Chinese stocks fell into bear market territory but Wall Street futures moved higher on Tuesday, as traders were encouraged by a long-awaited agreement on the US debt ceiling.
The Hang Seng China Enterprises index was down during Asian trading on Tuesday, pushing it 20 per cent lower from its peak in January. That temporarily placed it in bear market territory, although it later rallied to close up 0.5 per cent.
China’s benchmark CSI 300 index of Shanghai- and Shenzhen-listed stocks was also down more than 10 per cent from its peak this year, matching the technical definition of a market correction, although it also later rallied to close marginally up.

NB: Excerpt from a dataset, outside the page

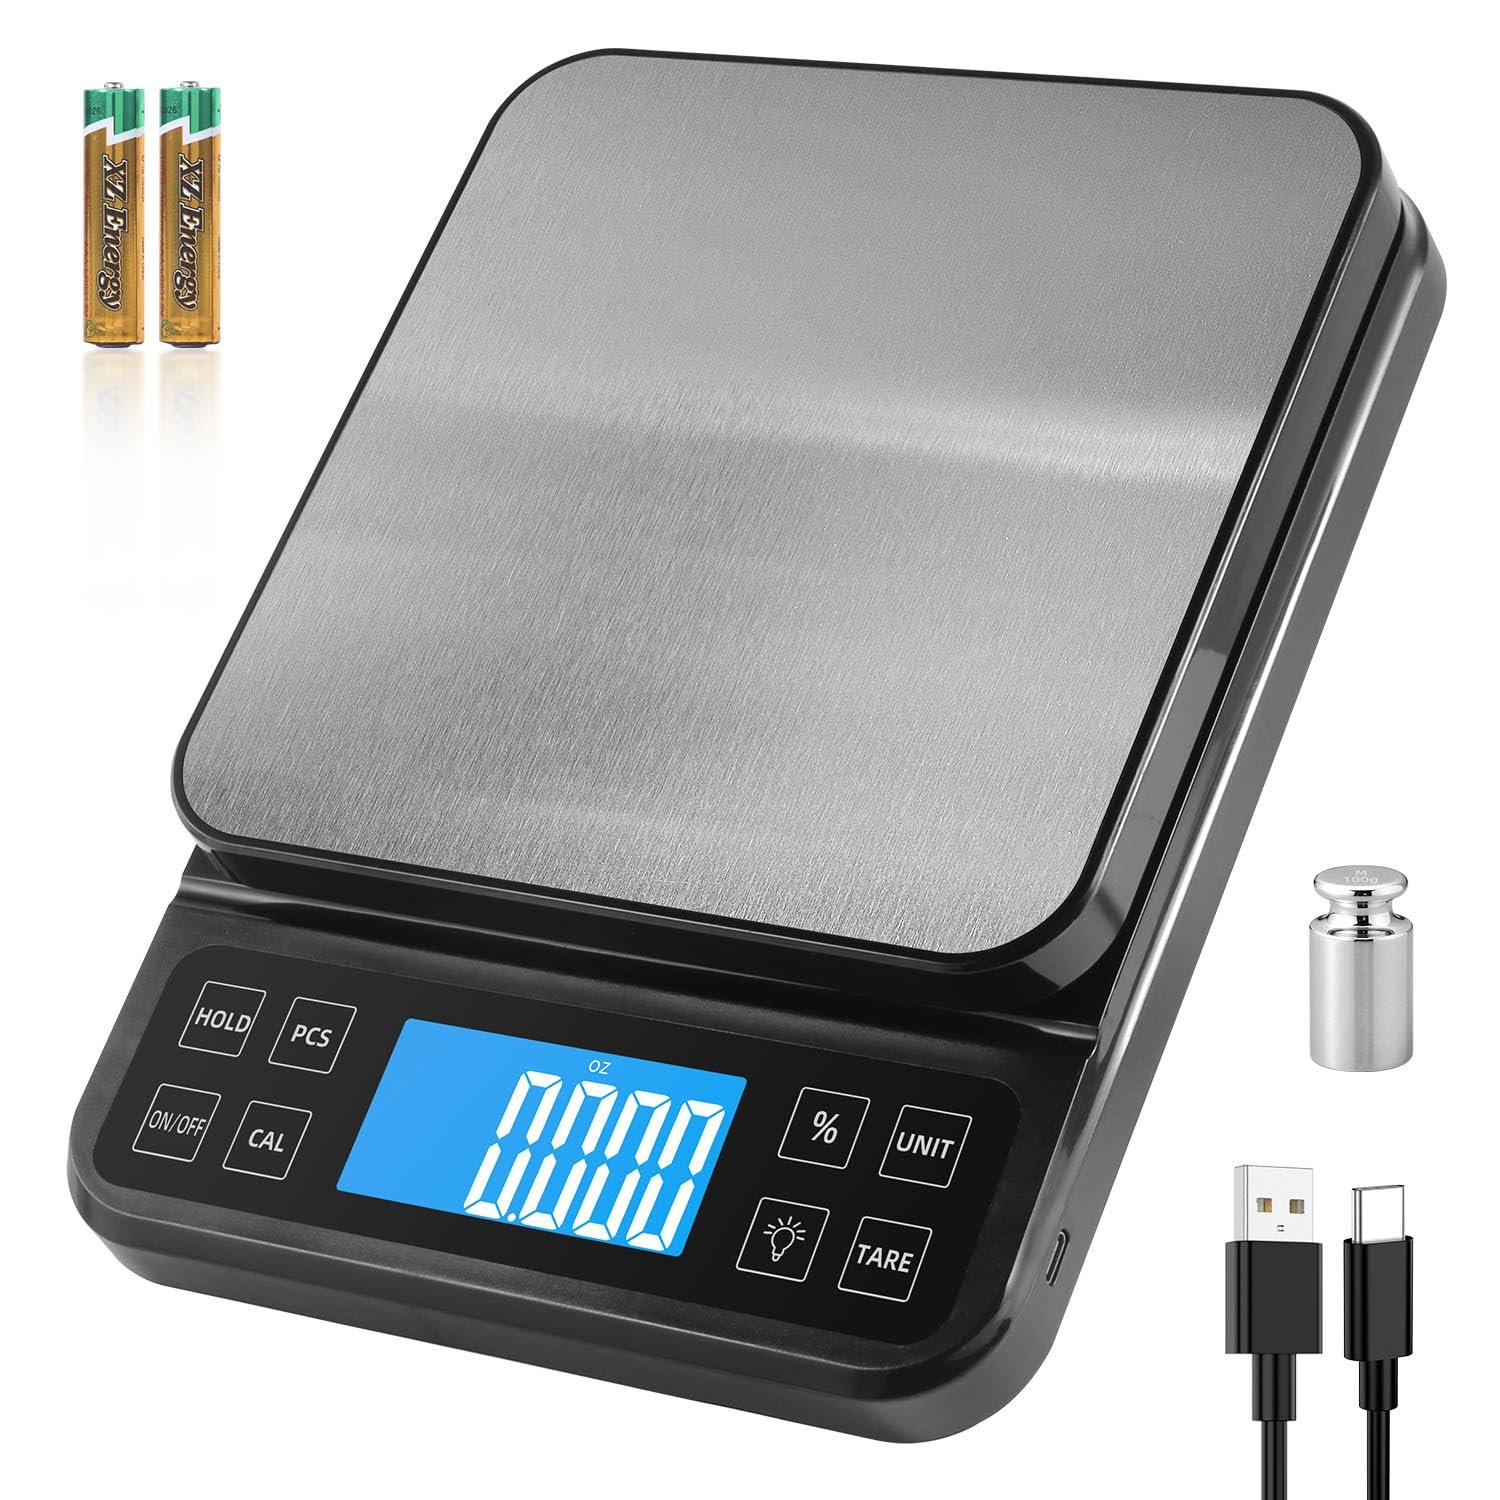 BOMATA Large Kitchen Scale with 0.1g/0.001oz High Precision, Bakery Scale with% Percentage Function, Capacity 5kg/11lbs, USB Rechargeable, Full-View Angle LCD with Backlight, Stainless Steel Pan…

Pressure on Chinese stocks follows mounting worries over the outlook for the world’s second-largest economy as tensions rise between Washington and Beijing.
In Europe, the region-wide Stoxx 600 rose 0.2 per cent and Germany’s Dax gained 0.5 per cent, as markets reopened after a long weekend.
US stock futures were higher, with contracts tracking Wall Street’s benchmark S&P 500 up 0.6 per cent and those tracking the tech-heavy Nasdaq 100 up 1.2 per cent ahead of the New York open.
The firm tone was helped by the hammering out on Saturday of a last-minute deal between US lawmakers and the White House, which would raise the country’s $31.4tn debt ceiling for two years, until after the next presidential election in late 2024.
Although the bipartisan bill still needs to pass both chambers of Congress in the coming week, with traders poised for the first vote in the House on Wednesday, it also helped ease pressure on US Treasuries.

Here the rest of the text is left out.